Check the status of the job with
$ q [batch_system] job@my_server_configuration,your_name --command="./sleepy"
Job is running.
And after 100s you get
$ q [batch_system] job@my_server_configuration,your_name --command="./sleepy"
Job has finished.
Retrieving results.
At this point new files should appear in your current directory:
$ ls
sleepy sleepy.data
In order to see the logs of the submission type
$ q [batch_system] stdout@my_server_configuration,your_name --command="./sleepy"
This is the sleepy stdout.
$ q [batch_system] stderr@my_server_configuration,your_name --command="./sleepy"
This is the sleepy stderr.
$ q [batch_system] log@my_server_configuration,your_name --command="./sleepy"
(...)
The last command will differ depending on which submission system you use. Finally, we clean up on the server:
$ q [batch_system] delete@my_server_configuration,your_name --command="./sleepy"
True
Congratulations! You have submitted your first job using the command line tool.
Python¶
Next, open an editor, enter the following Python code:
from batchq.queues import LSFBSub
from batchq.core.batch import DescriptorQ
class ServerDescriptor(DescriptorQ):
queue = LSFBSub
username = "default_user"
server="server.address.com"
port=22
prior = "module load open_mpi goto2 python hdf5 cmake mkl\nexport PATH=$PATH:$HOME/opt/alps/bin"
working_directory = "Submission"
desc1 = ServerDescriptor(username="tronnow",command="./sleepy 1", input_directory=".", output_directory=".")
desc2 = ServerDescriptor(desc1, command="./sleepy 2", input_directory=".", output_directory=".")
print "Handling job 1"
desc1.job()
print "Handling job 2"
desc2.job()
and save it as job_submitter.py
in MyFirstSubmission
. Note that
in the above code we use the second descriptor to initiate the first
descriptor in order to reuse the queue defined for desc1
in
desc2
. Go back to the shell and type:
$ python job_submitter.py
- Rerun the code to get the status of the job and to pull finished jobs.
- Your second submission was done with Python.
Note
If choosing same input and output directory you will run into problems when running this script several times as hash sum of the input changes once the results have been pulled. This means that you may accidently resubmit a finished job.
The above can be overcome by either separating input_directory
and
output_directory
, or by setting the submission id manually:
from batchq.queues import LSFBSub
from batchq.core.batch import Descriptor as DescriptorQ
class ServerDescriptor(DescriptorQ):
queue = LSFBSub
username = "default_user"
server="server.address.com"
port=22
prior = "module load open_mpi goto2 python hdf5 cmake mkl\nexport PATH=$PATH:$HOME/opt/alps/bin"
working_directory = "Submission"
desc1 = ServerDescriptor(username="tronnow",command="./sleepy 1", input_directory=".", output_directory=".", overwrite_submission_id="simu1")

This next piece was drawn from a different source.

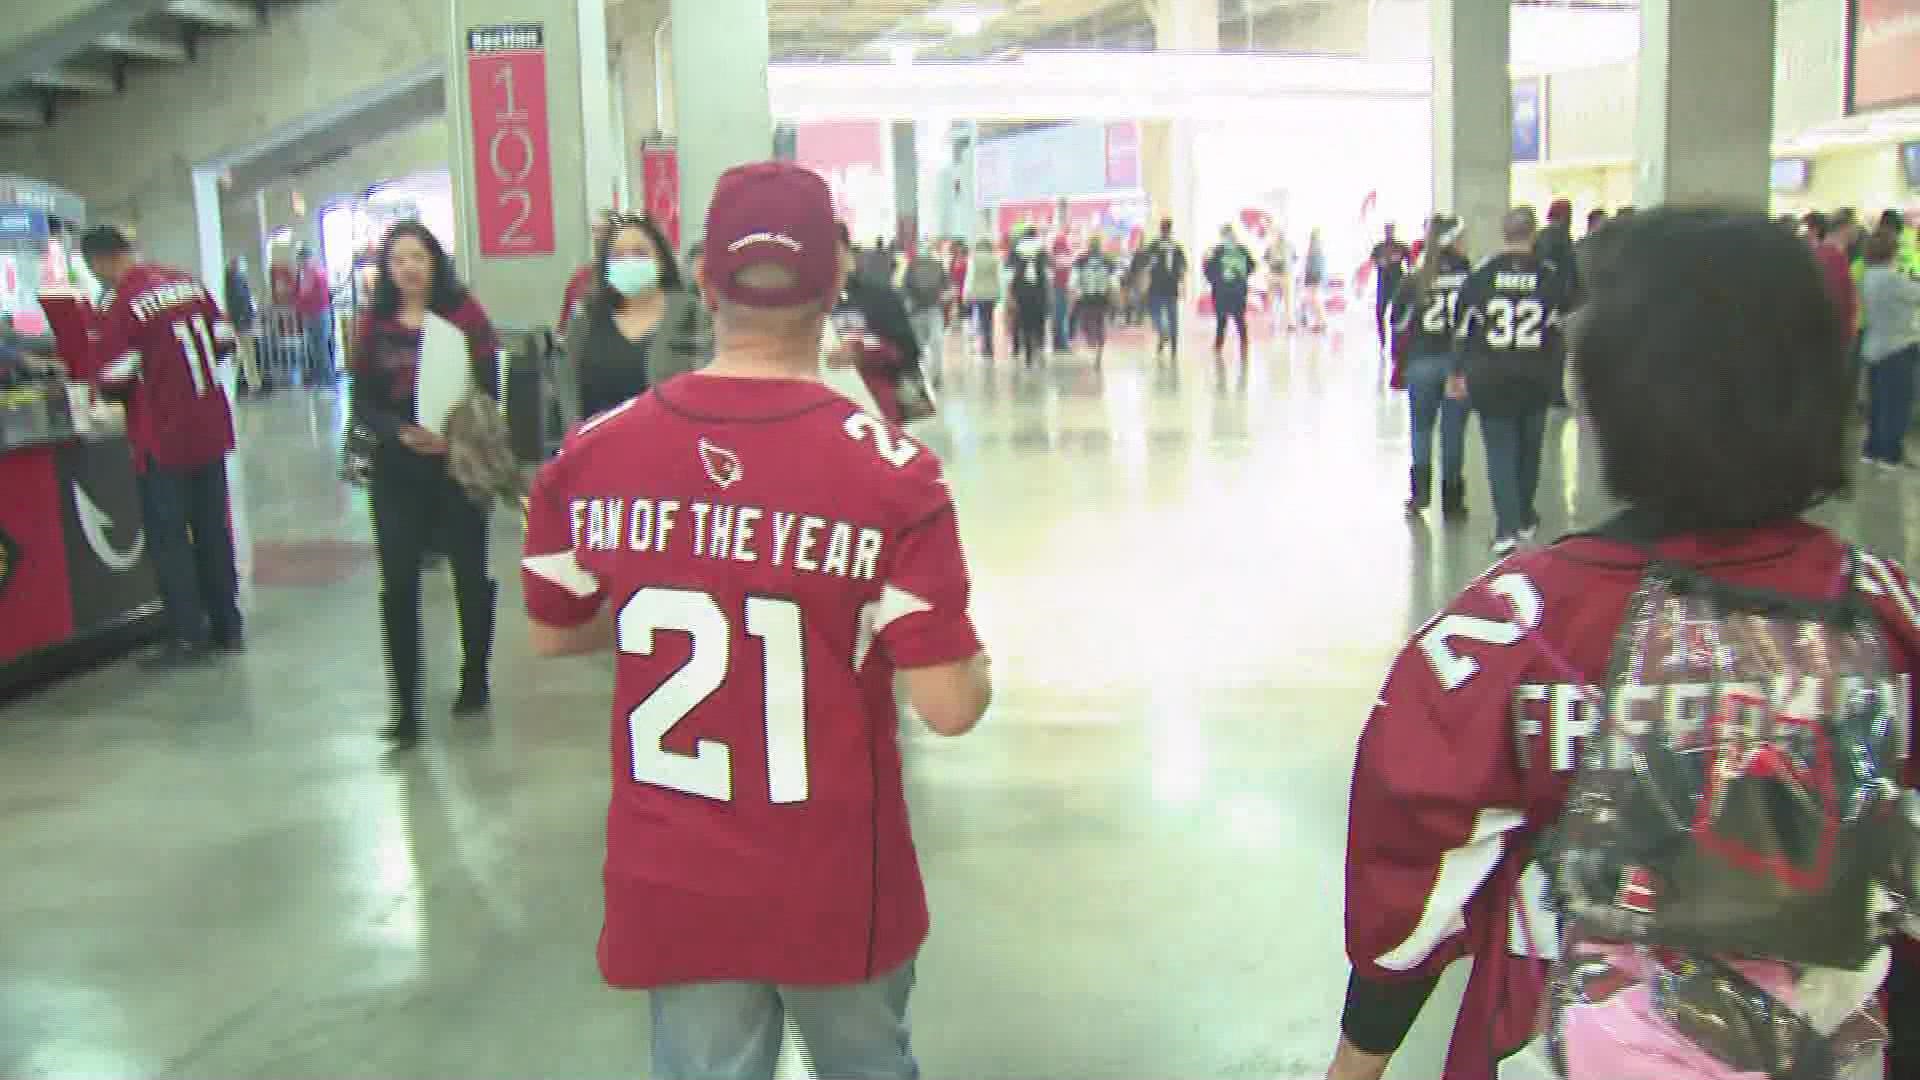 Arizona Cardinals name their 2021 Fan of the Year

desc2 = ServerDescriptor(desc1, command="./sleepy 2", input_directory=".", output_directory=".", overwrite_submission_id="simu2")
print "Handling job 1"
desc1.job()
print "Handling job 2"
desc2.job()
To shorten the above you may use your previously defined configurations
from batchq.queues import LSFBSub
from batchq.core.batch import DescriptorQ, load_queue
q = load_queue(LSFBSub, "my_server_configuration,your_name")
desc1 = DescriptorQ(q, command="./sleepy 1", input_directory=".", output_directory=".", overwrite_submission_id="simu1")

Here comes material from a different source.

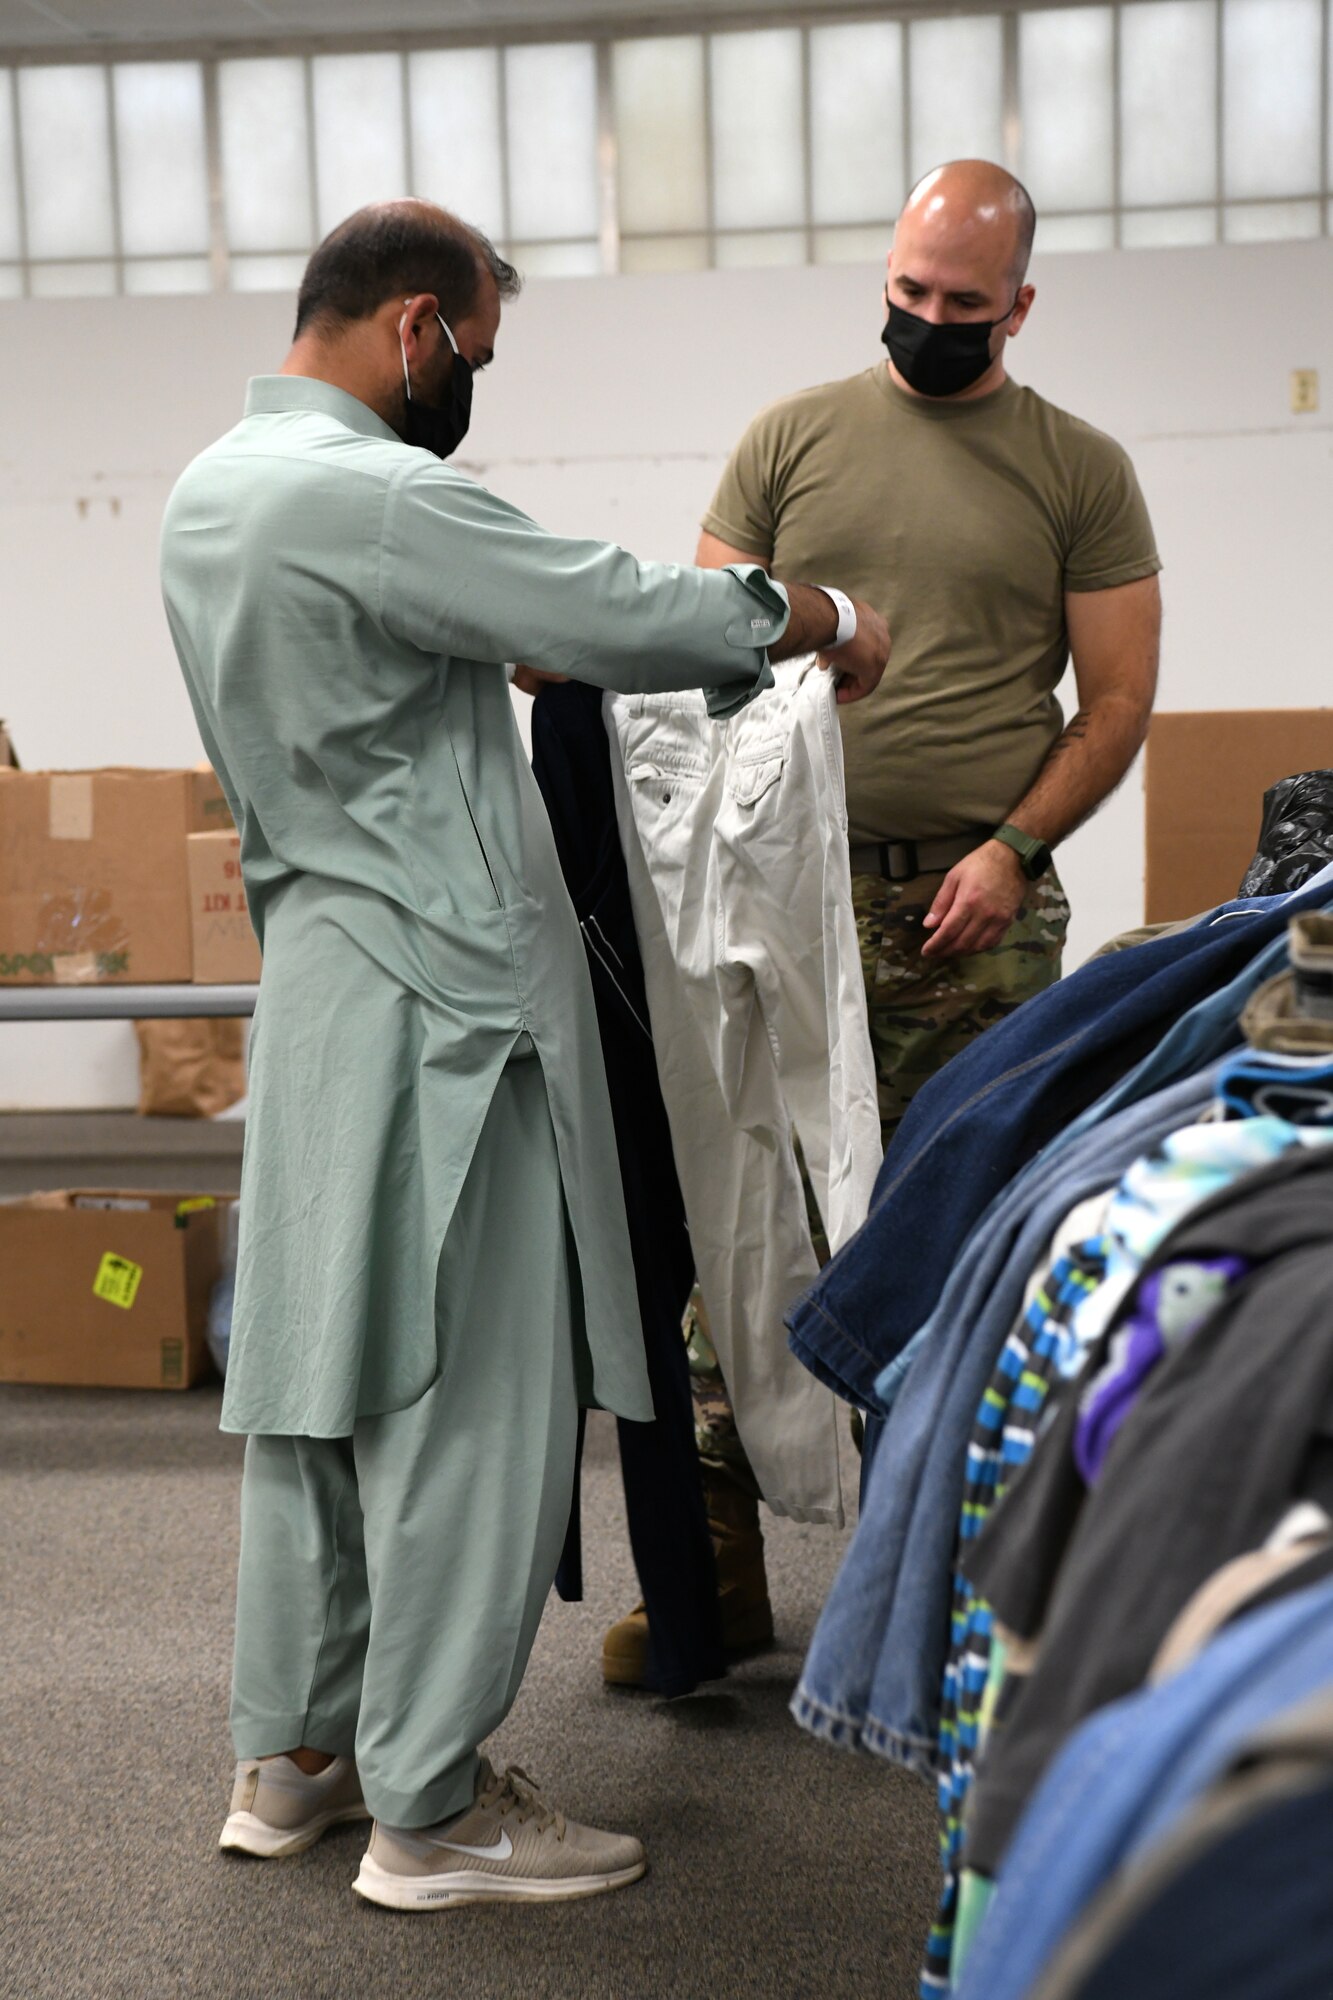 Image of an Airman showing another person clothes.

desc2 = DescriptorQ(q, command="./sleepy 2", input_directory=".", output_directory=".", overwrite_submission_id="simu2")
print "Handling job 1"
desc1.job()
print "Handling job 2"
desc2.job()
We can now generalise this to arbitrarily many jobs:
from batchq.queues import LSFBSub
from batchq.core.batch import DescriptorQ, load_queue
q = load_queue(LSFBSub, "my_server_configuration,your_name")
for i in range(1,10):
desc = DescriptorQ(q, command="./sleepy %d" %i, input_directory=".", output_directory=".", overwrite_submission_id="simu%d" %i)
print "Handling job %d" %i
desc.job()
If we know that the output files does not overwrite each other it is
only necessary to keep one copy of the input folder. This can be done by
specifying the subdirectory
from batchq.queues import LSFBSub
from batchq.core.batch import DescriptorQ, load_queue
q = load_queue(LSFBSub, "my_server_configuration,your_name")
for i in range(1,15):
desc = DescriptorQ(q, command="./sleepy %d" %i, input_directory=".", output_directory=".", overwrite_submission_id="simu%d" %i, subdirectory="mysimulation")
print "Handling job %d" %i
desc.job()
Using the command line tool¶
The following section will treat usage of BatchQ from the command line.
Available modules¶
The modules available to BatchQ will vary from system to system depending on whether custom modules have been installed. Modules are divided into four categories: functions, queues, pipelines and templates. The general syntax of the Q command is:
$ q [function/queue/template] [arguments]
The following functions are available through the console interface and using Python and are standard modules included in BatchQ which provides information about other modules
Submitting jobs¶
The BatchQ command line interface provides you with two predefined
submission modules: nohup
and lsf
. nohup
is available on every
To submit a job type:
$ cd /path/to/input/directory
$ q lsf submit -i --username=user --working_directory="Submission" --command="./script" --input_directory="." --port=22 --server="server.address.com"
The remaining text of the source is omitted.